Thanks, AKnickolai. Reason I'm searching for an alternative is that I couldn't find any of the products (ie. Safe t sorb, laterite, turface) in Manila. I'm planning on using it as an additive to the soil substrate I'm planning on using. Therefore, something with high CEC. Iron is not a problem since our local soil is clay with considerable iron content.


----------



## AKnickolai (Nov 30, 2007)

I did a little research on some bonsai sites (another previous hobby of mine) and I think it will work. Clay pots are likely fired at a higher temperature than high CEC substrates, which limits their CEC to a certain degree, but it should still be high enough to provide a benefit. I'd say give it a shot and see what happens, just need to be careful when planting in that tank I guess.


----------



## Michael (Jul 20, 2010)

Try to find some plain cat litter--no perfume, clumping agents, anit-microbials, odor absorbants, etc. Look for a 100% clay product, most likely the least expensive available. It will work as a substitute for laterite, actually it probably IS laterite.


----------



## saddletramp (Sep 16, 2012)

If you are looking for iron, why not try red potter"s clay. I tis available in powder form and can be mixed in with your substrate. A little goes a long way. For submersed use, put a top layer over the substrate. Bill


----------



## tonnakpil (Jul 29, 2013)

Hi Michael, yep I've read in one of your replies that this is the cheapest alternative. However, I have yet to find a cat litter in our area that is plain and non-clumping.  What organic products does gardeners use with high CEC for their plants? I read somewhere in the forums that you're into (terrestrial) gardening as well.

Hi saddletramp, iron is no problem for me. I live in an area where our soil is red clay. There's actually a pottery making shop near our house where in they use our local soil as primary material for their pots.


----------



## Michael (Jul 20, 2010)

In pottery making, sometimes fired clay from spoiled pieces is crushed fine and added to fresh clay for new work. I have forgotten the term for this, but it might be available from your local pottery shop.

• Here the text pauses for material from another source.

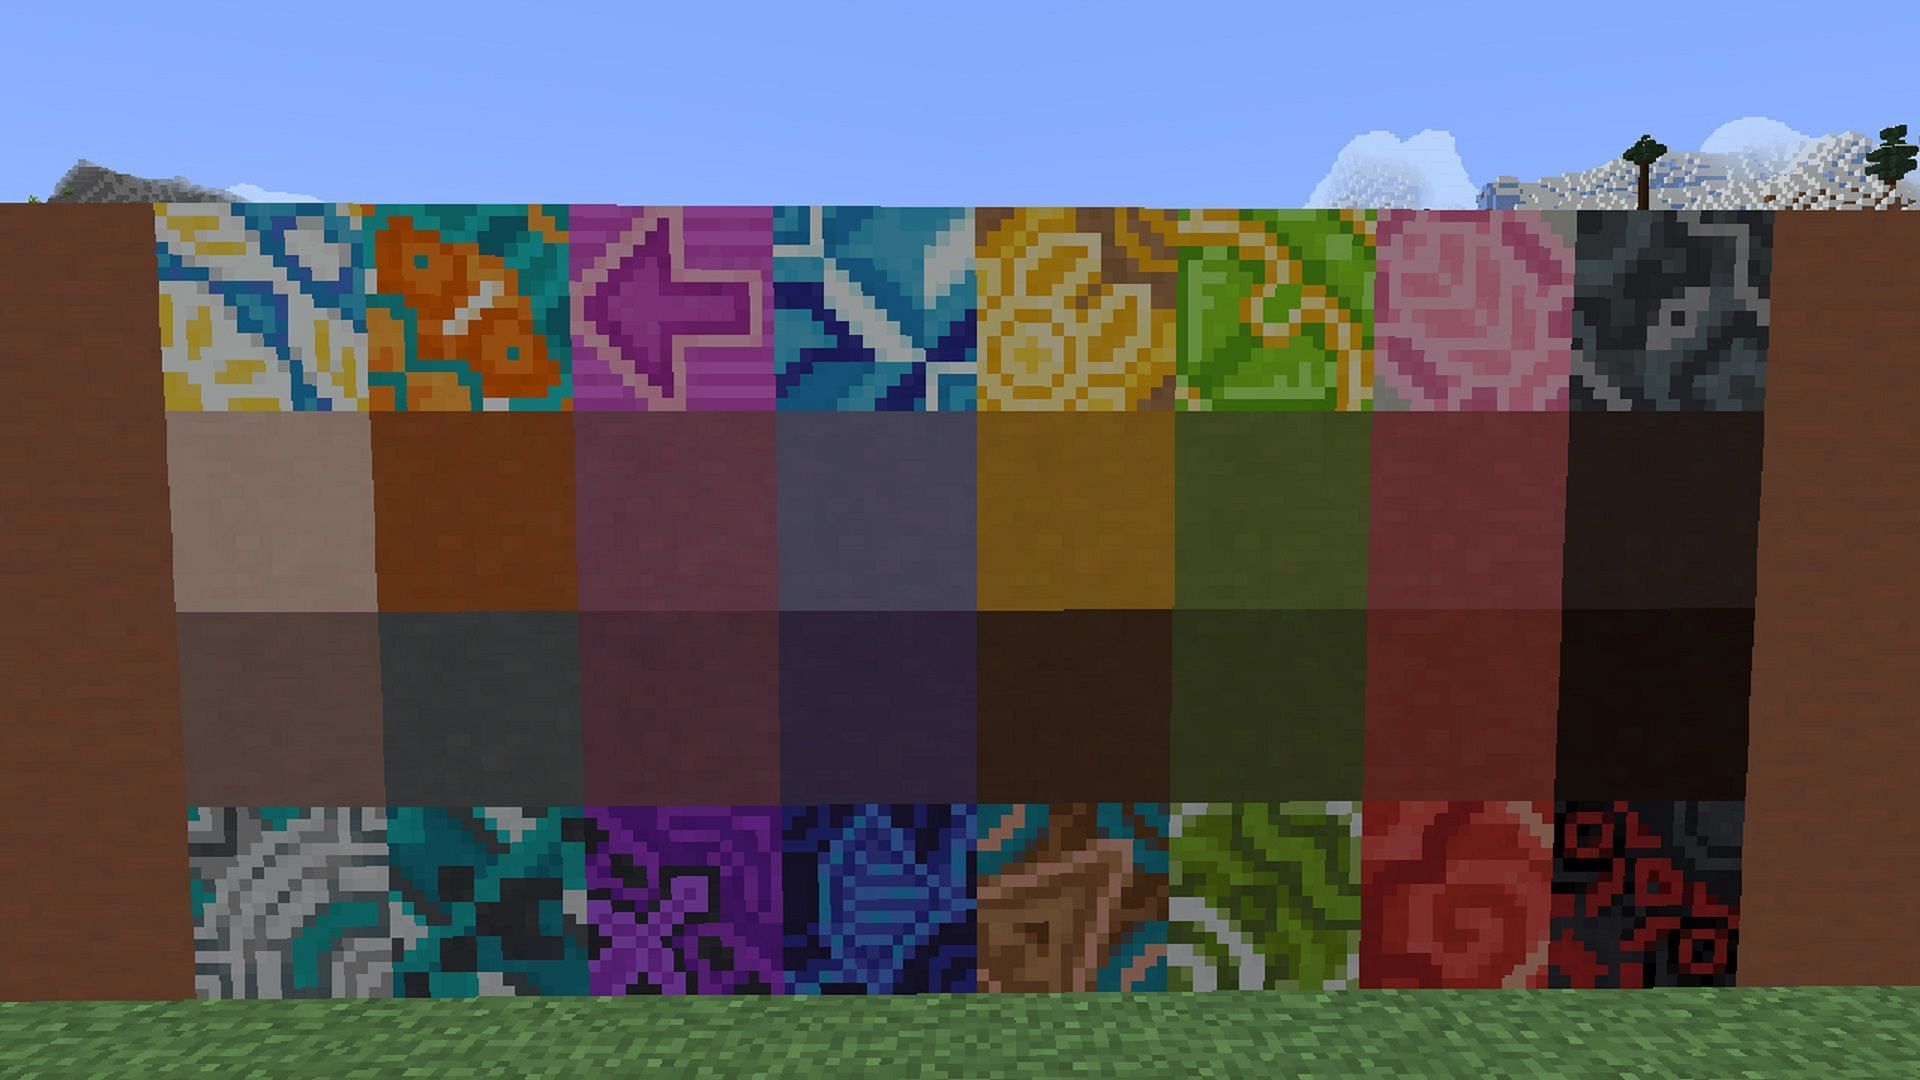 Terracotta and glazed terracotta blocks in Minecraft (Image via Mojang)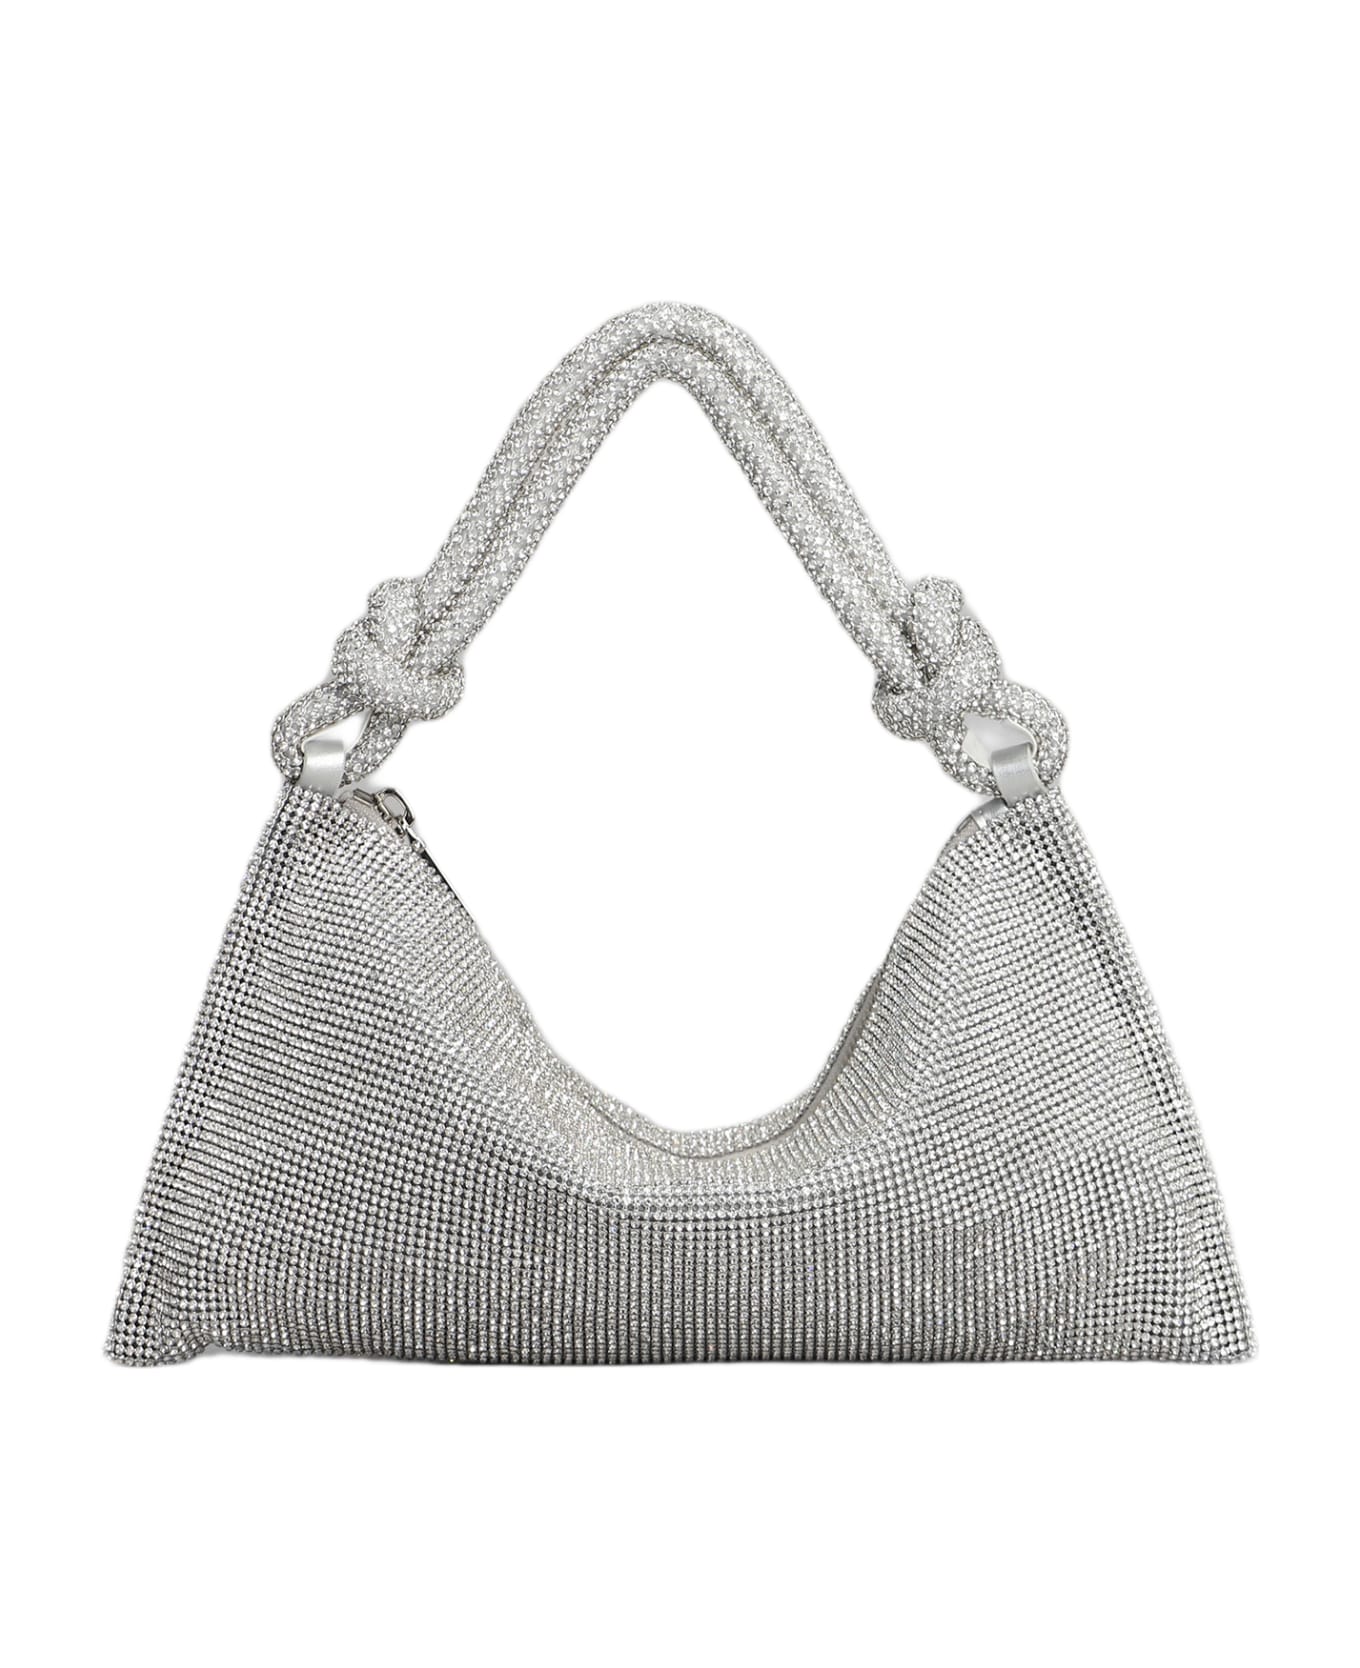 Cult Gaia Hera Nano Hand Bag In Silver Pvc - silver

If your local clay is suitable for pottery, you could use some natural clay subsoil mixed with some compost or other well-decayed organic matter for the soil part of your substrate. (I am assuming that you are doing a layered substrate based on soil.)


----------



## Phil Edwards (Jan 22, 2004)

tonnakpil,

Most high quality laterite comes from tropical locations so chances are good that your local clay is getting close to being laterite and would be suitable for use in an aquarium. I would try to dry it then grind it up as finely as possible before using it though.


----------



## tonnakpil (Jul 29, 2013)

Thanks so much, Michael and Phil. Yes, this will be for a NPT. I'll continue using local soil and crush it very fine. In your opinion, Would a 33% ratio for mineralized garden/sandy soil, compost & dried crushed red clay soil be ideal? Or should i increase the ratio of the clay?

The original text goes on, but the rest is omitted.